[Opening Stored data section]
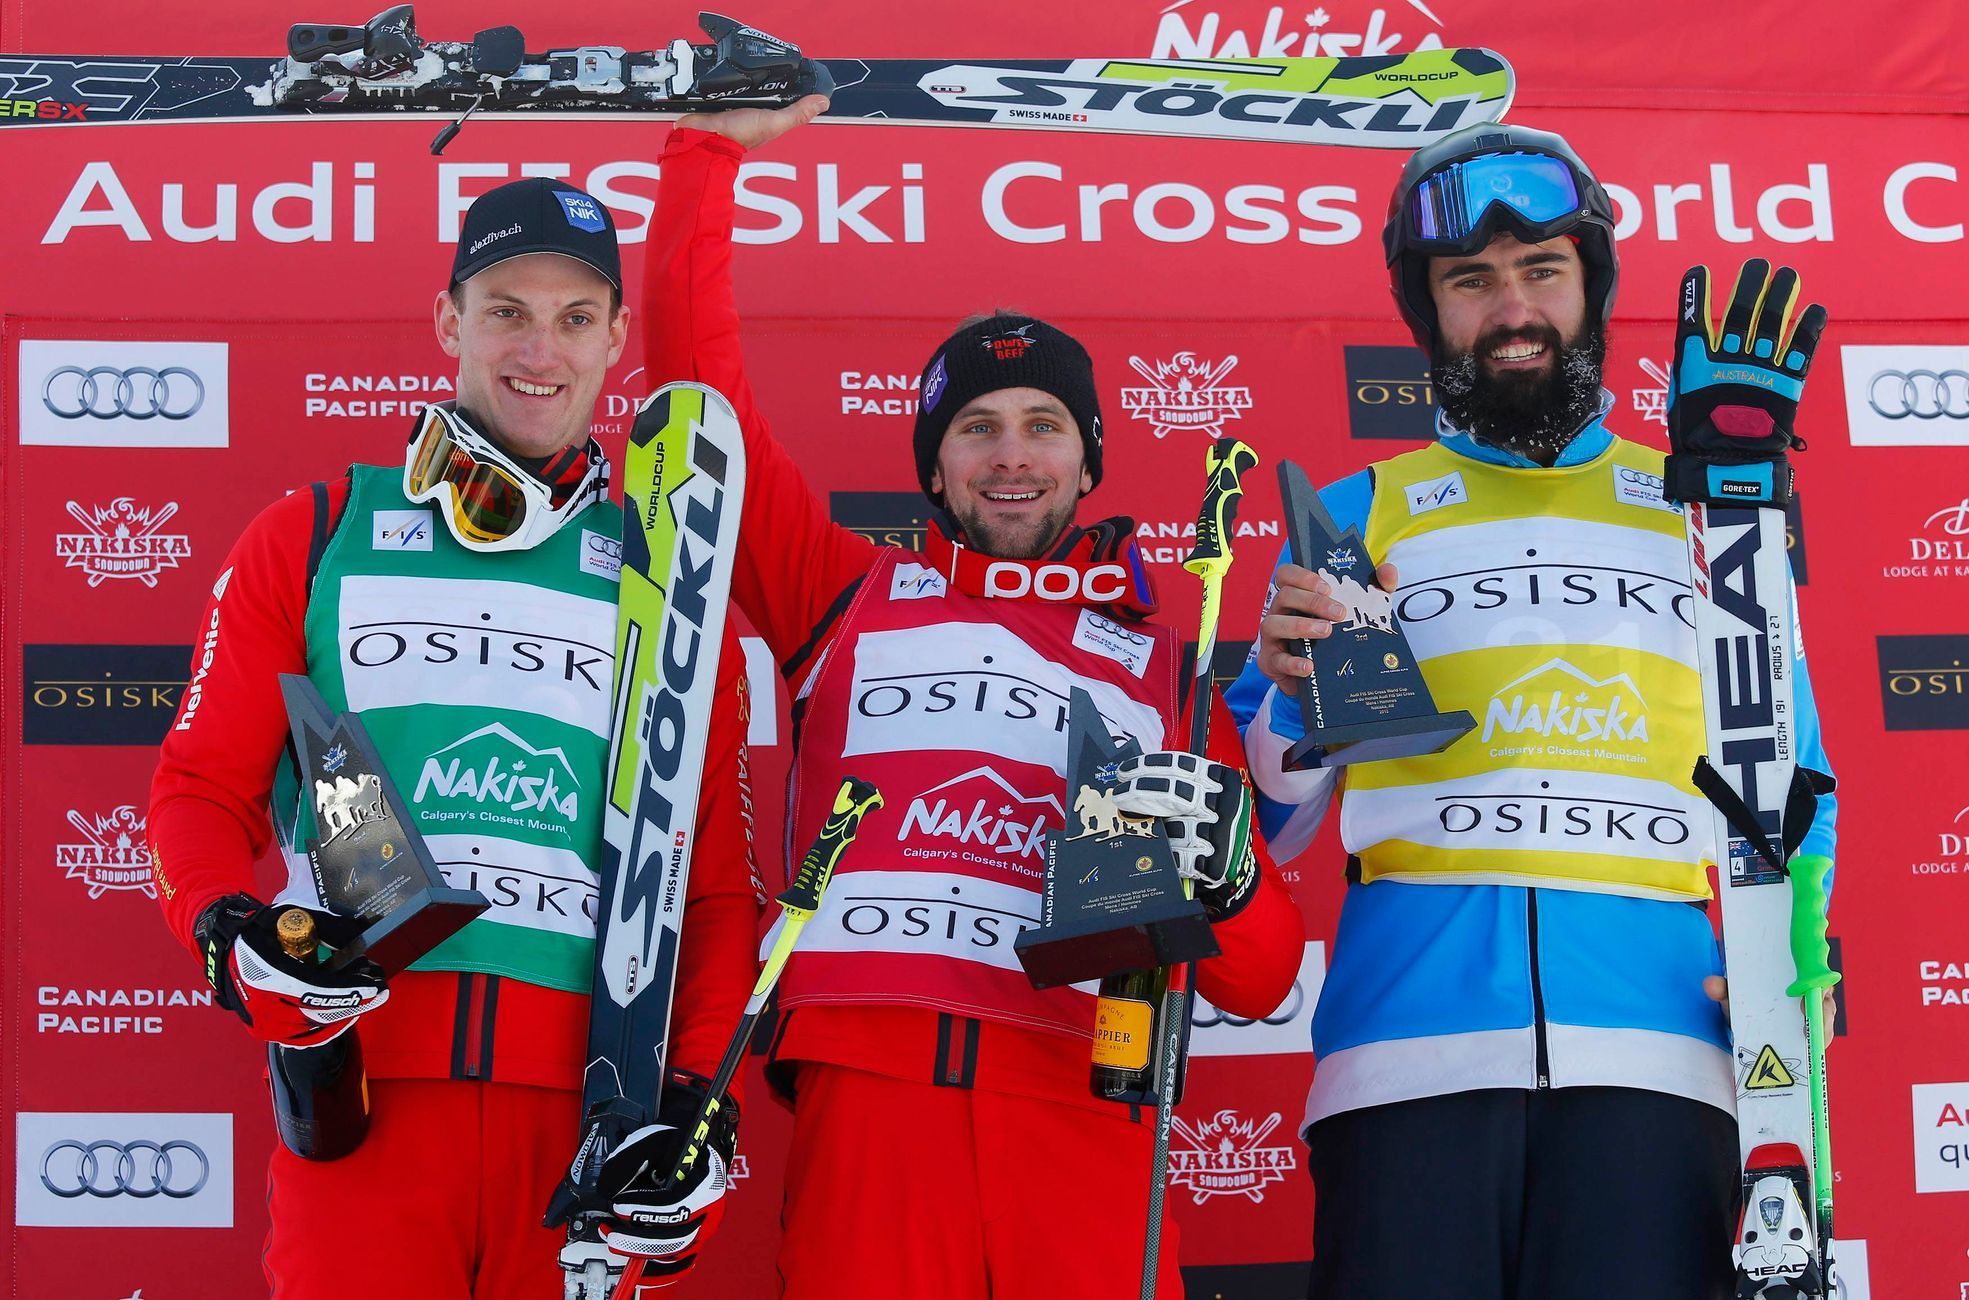 Stupně vítězú závodu Světového poháru ve skikrosu v kandaské Nakiskce (Armin Niederer - uprostřed, Alex Fiva - vlevo, Anton Grimus)
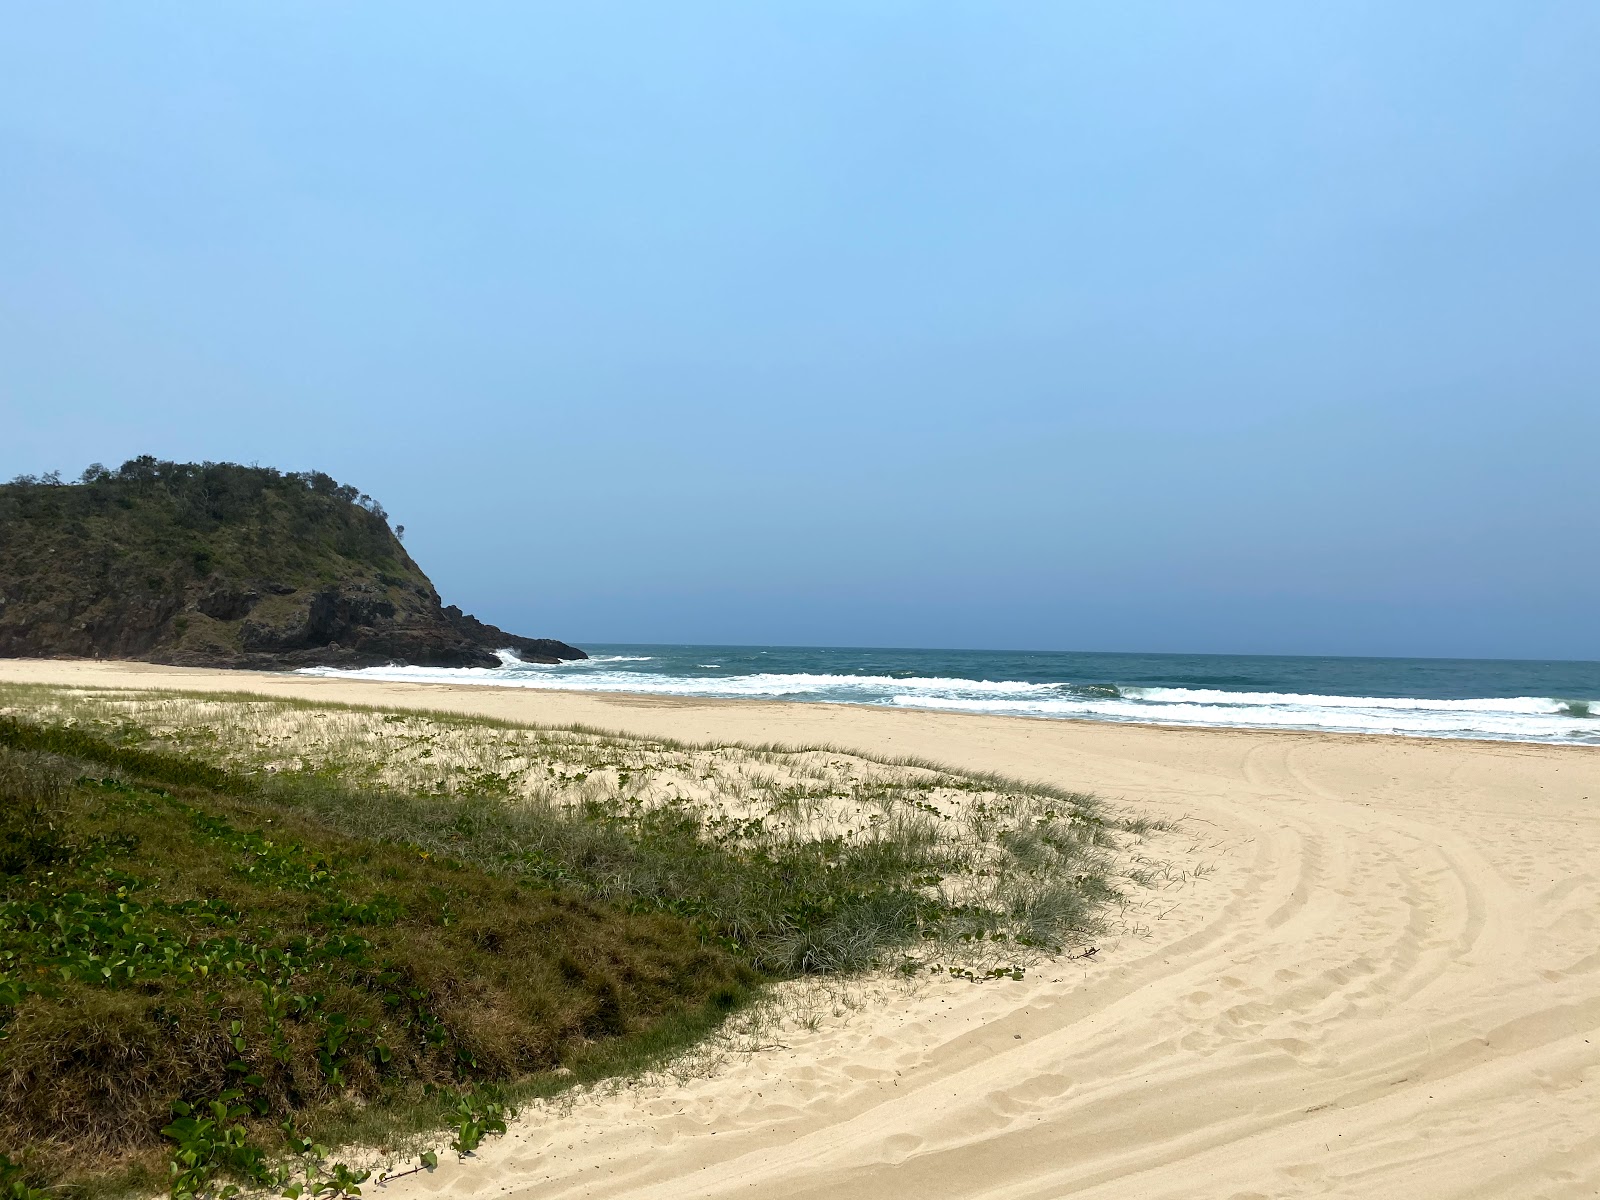 Foto de Off Leash Dog Beach com areia fina e brilhante superfície
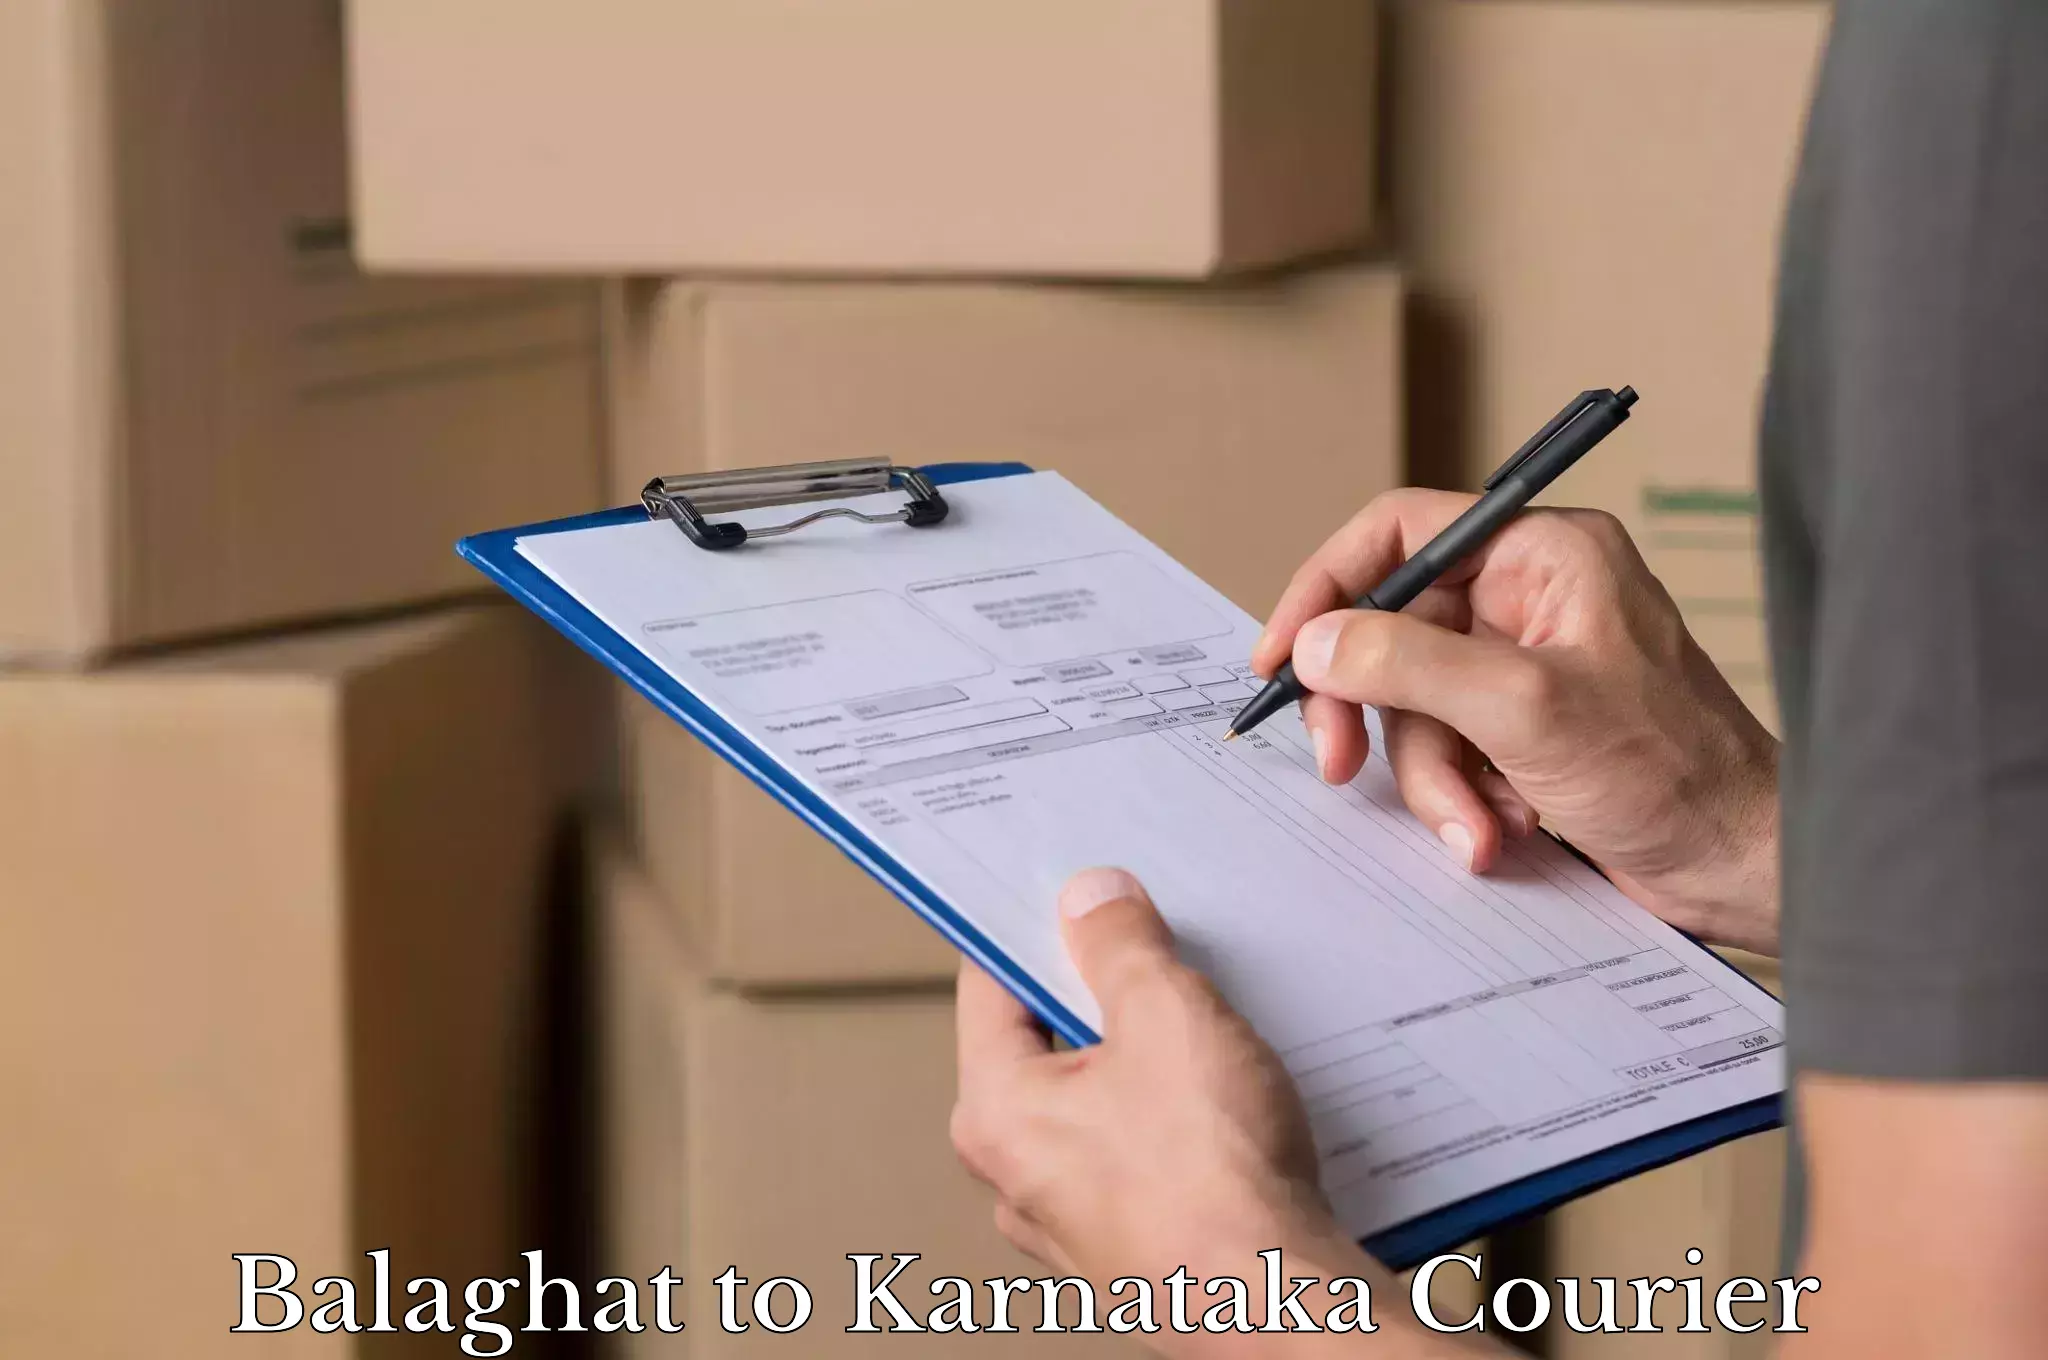 Luggage forwarding service Balaghat to Karnataka
[Closing Stored data section]
With the pictures excluded, the line containing "Foto de Off" and every line after it through the end of the data above are to be transcribed exactly, and nothing more.

◆ **Output of the task**:
 Foto de Off Leash Dog Beach com areia fina e brilhante superfície
 Luggage forwarding service Balaghat to Karnataka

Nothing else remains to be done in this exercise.